Did you, like Gordon, put your head in your hands when you heard it? “I didn’t have time to put my head in my hands.”
I must say, having spent weeks with Blair, Brown and, indeed, Cameron over the past year or so that all three men are enjoyable company. But there is certainly a different atmosphere between Blair and Brown; the Tigger and Eeyore of new Labour. The former, with his fabled optimism, really is a sunny, energising presence; whereas Brown is fascinating, but even when he seems positive there is a slight undertow of melancholia.
“Tony does make you feel jolly. He’s quite an upbeat person,” Mandelson agrees. “I mean, Tony is not somebody who by and large gets angry, loses his temper and kicks the furniture. He can be quite chilly and disapproving but he’s not somebody who would ever fall into a great trough of despair.
“The only time during all the years I’ve known Tony when he got discombobulated was on personal things — attacks on his family or Cherie or when his integrity was called into question.”
Cameron, says Peter Mandelson, is “very amicable, with a lively sense of humour. He’s a bit like Tony in that sense. He’s jolly. But essentially what defines David Cameron is that he’s a rather patrician Tory. He’s neither a Thatcherite nor a One Nation Tory; Chris Patten and others like that had quite a philosophical view of Conservatism — what it stood for and what it should do for all the people in the country. I don’t think David Cameron has an ideology. He has views. He has attitudes and he has some prejudices.
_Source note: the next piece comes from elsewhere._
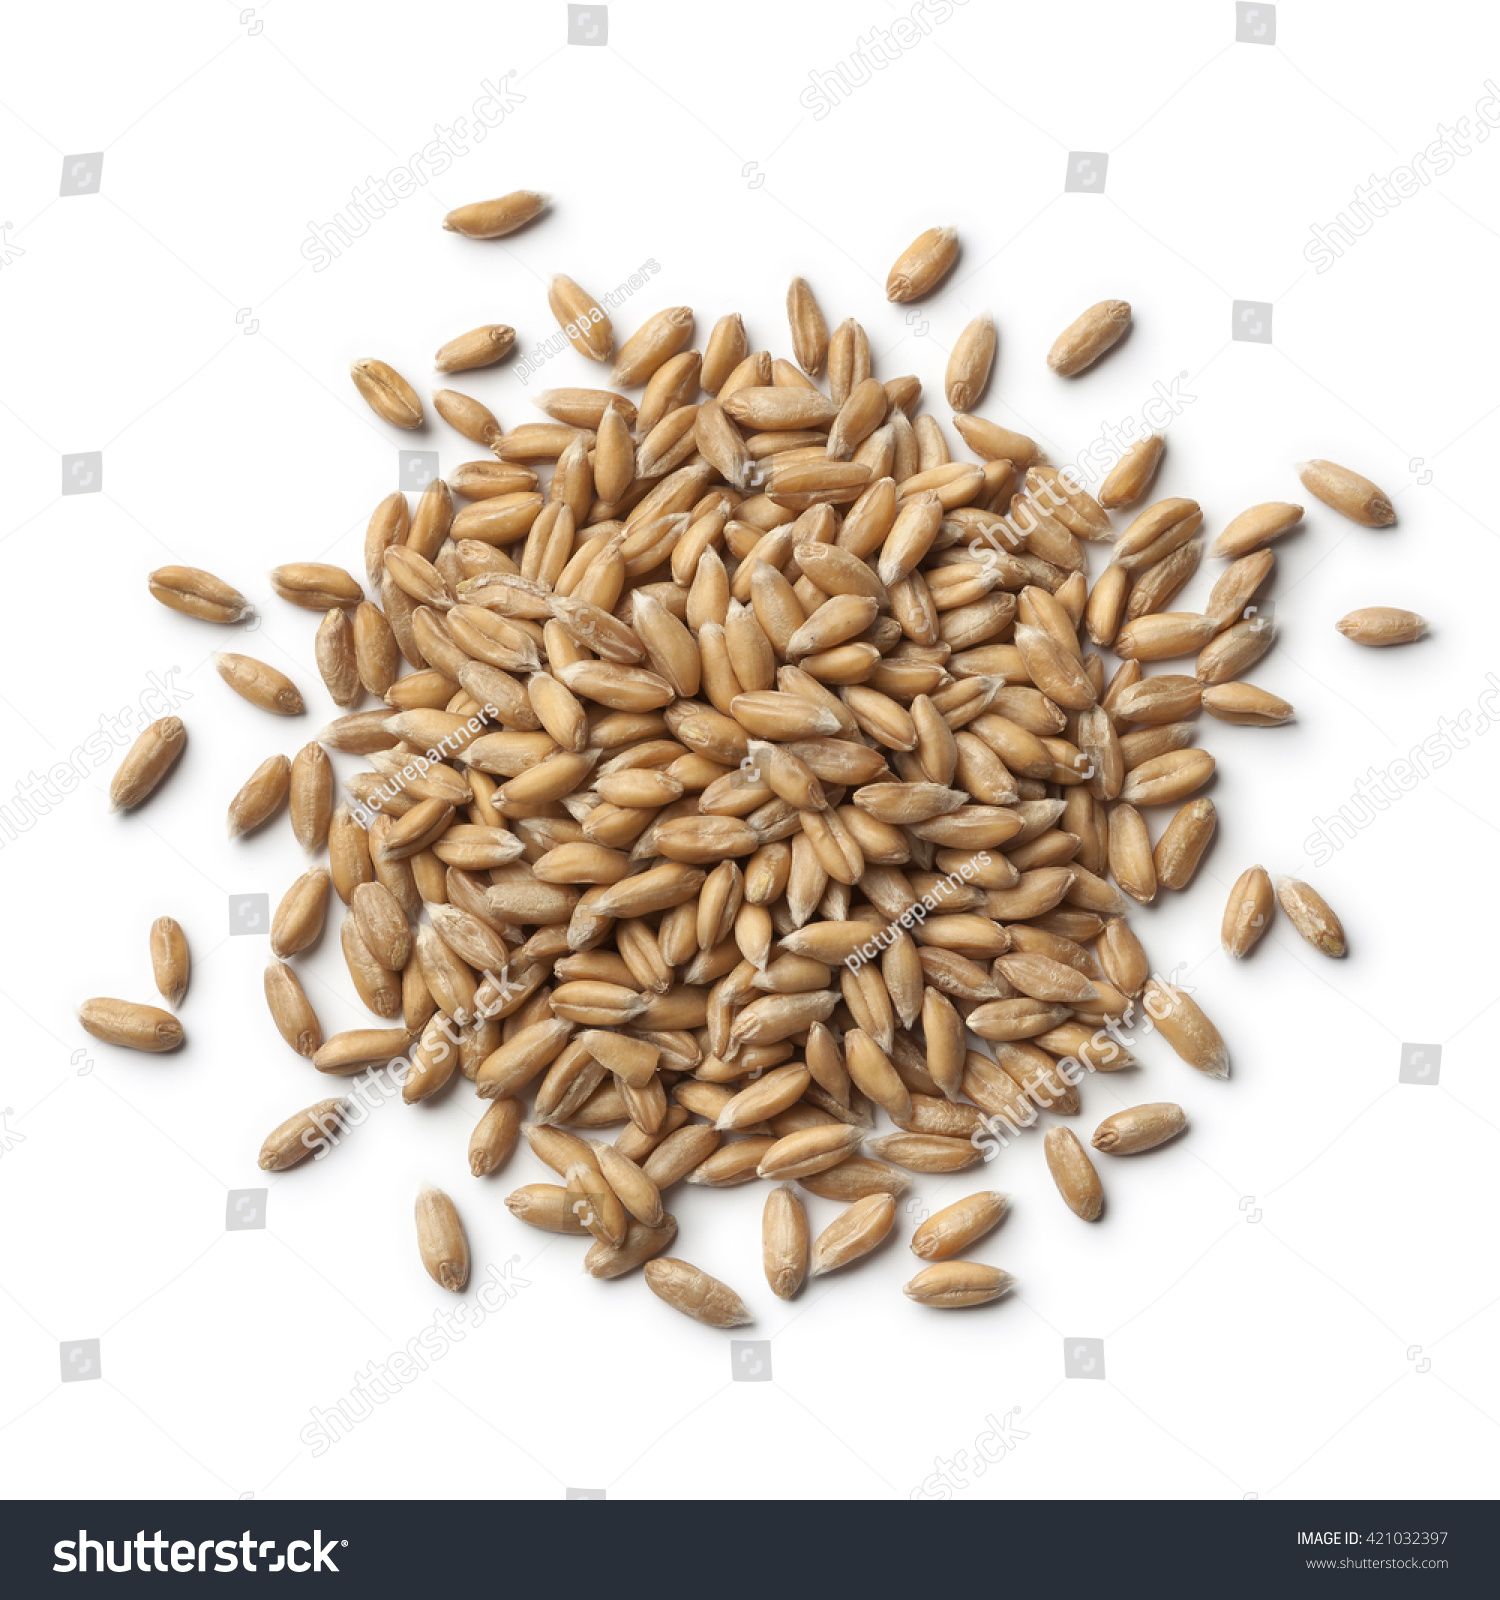 Heap of raw Spelt wheat  on white background #421032397

“He has a certain ‘born to rule’ thing about him; a sense of entitlement — somebody who thinks that he would be good at governing and being Prime Minister. Indeed, I always remember the Editor of The Daily Telegraph telling me, a year ago, when they had Cameron to dinner, the first question they asked him was, ‘Well, why do you want to be prime minister?’ And he said, ‘Because I think I’d be good at it.’
Now that’s not bad as a sort of first answer but if it’s all the answer you have . . .” He goes on: “That doesn’t mean to say that he’s a bad politician. I think he’s actually rather a good politician — but he is excessively political in a sense. He has values but he doesn’t have a set of fixed, political beliefs that flow from a particular political outlook or philosophy.
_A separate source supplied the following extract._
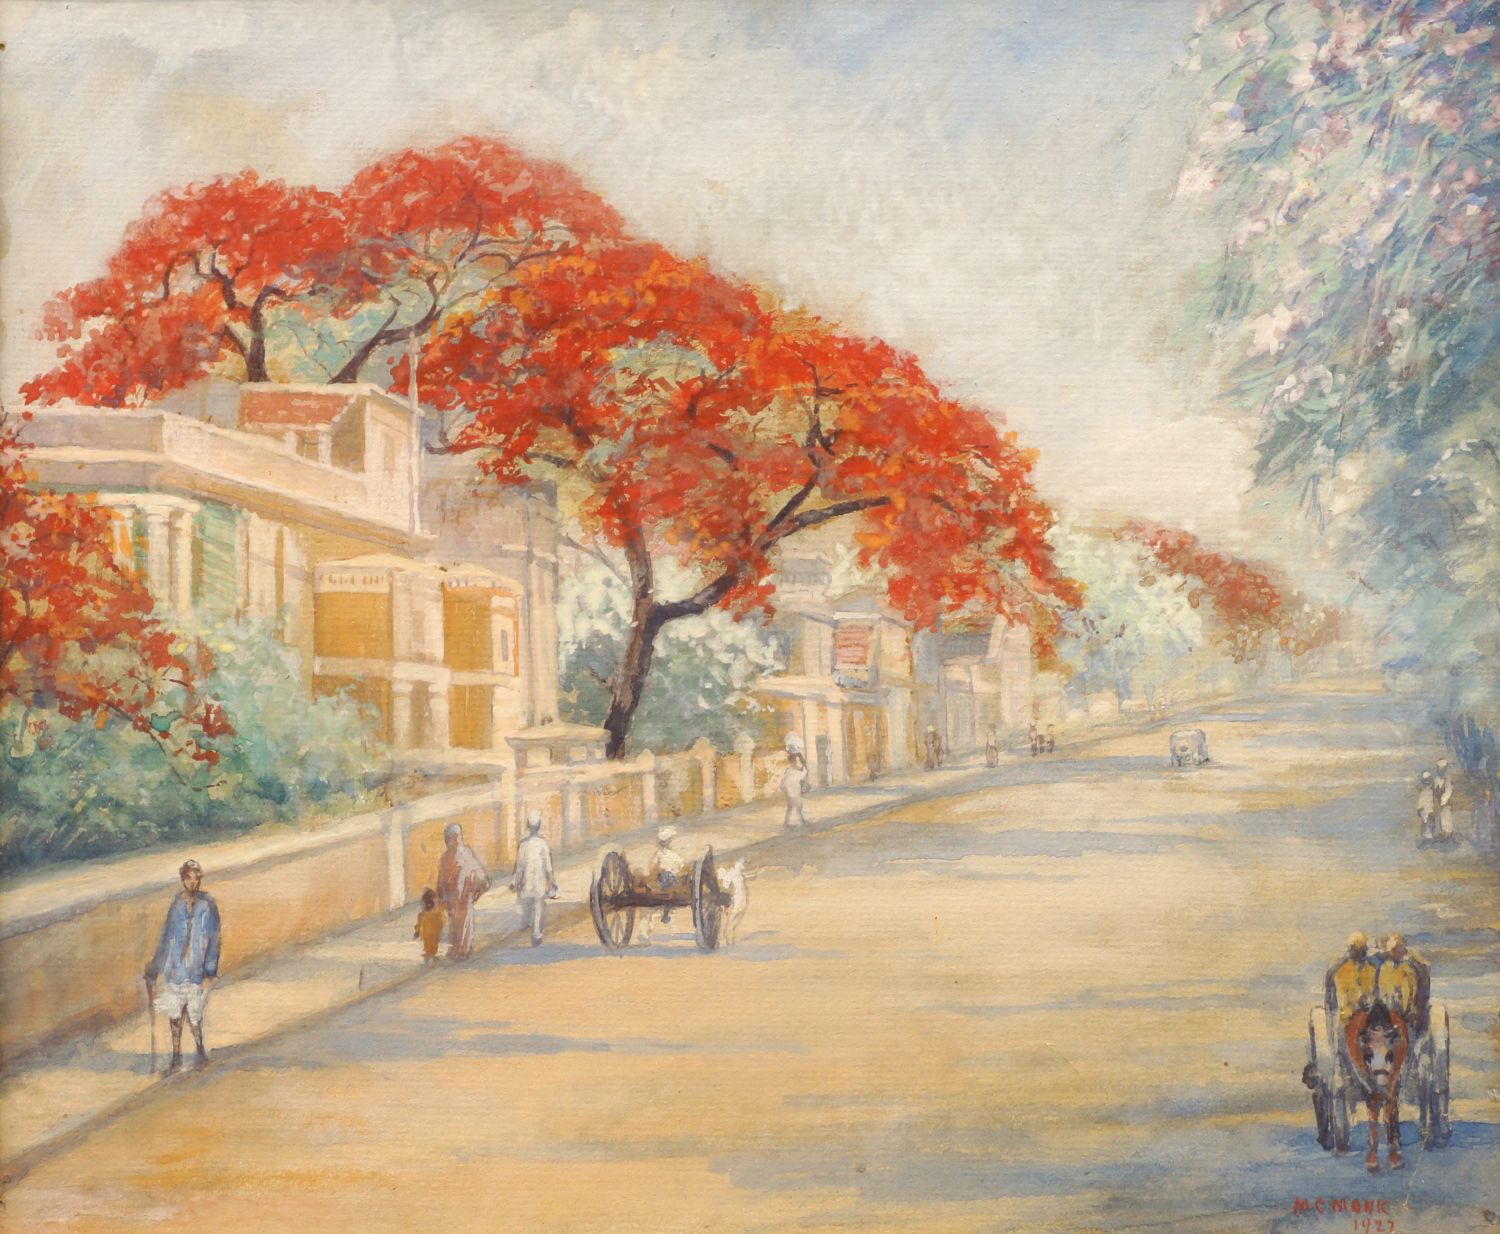 M C Monk, British, 20th century- ''Wood St. Calcutta''; watercolour, 25x30cm: R Gibb, British, early

“I mean, what is his view of the role of government or the State or markets? Does he really believe, as the ‘Big Society’ implied, that government should just get out of the way and let people organise their schools and hospitals as they wish? I don’t believe he actually thought that through. I don’t think he invested a great deal of time in it. It was a marketing device. It was a narrative that was put into his hands or head by Steve Hilton [his director of strategy]. He could see the political appeal of it because it was neither wholly the State or wholly the market; it was his version of the Third Way. But, under examination, it was like sand disappearing through your fingertips.”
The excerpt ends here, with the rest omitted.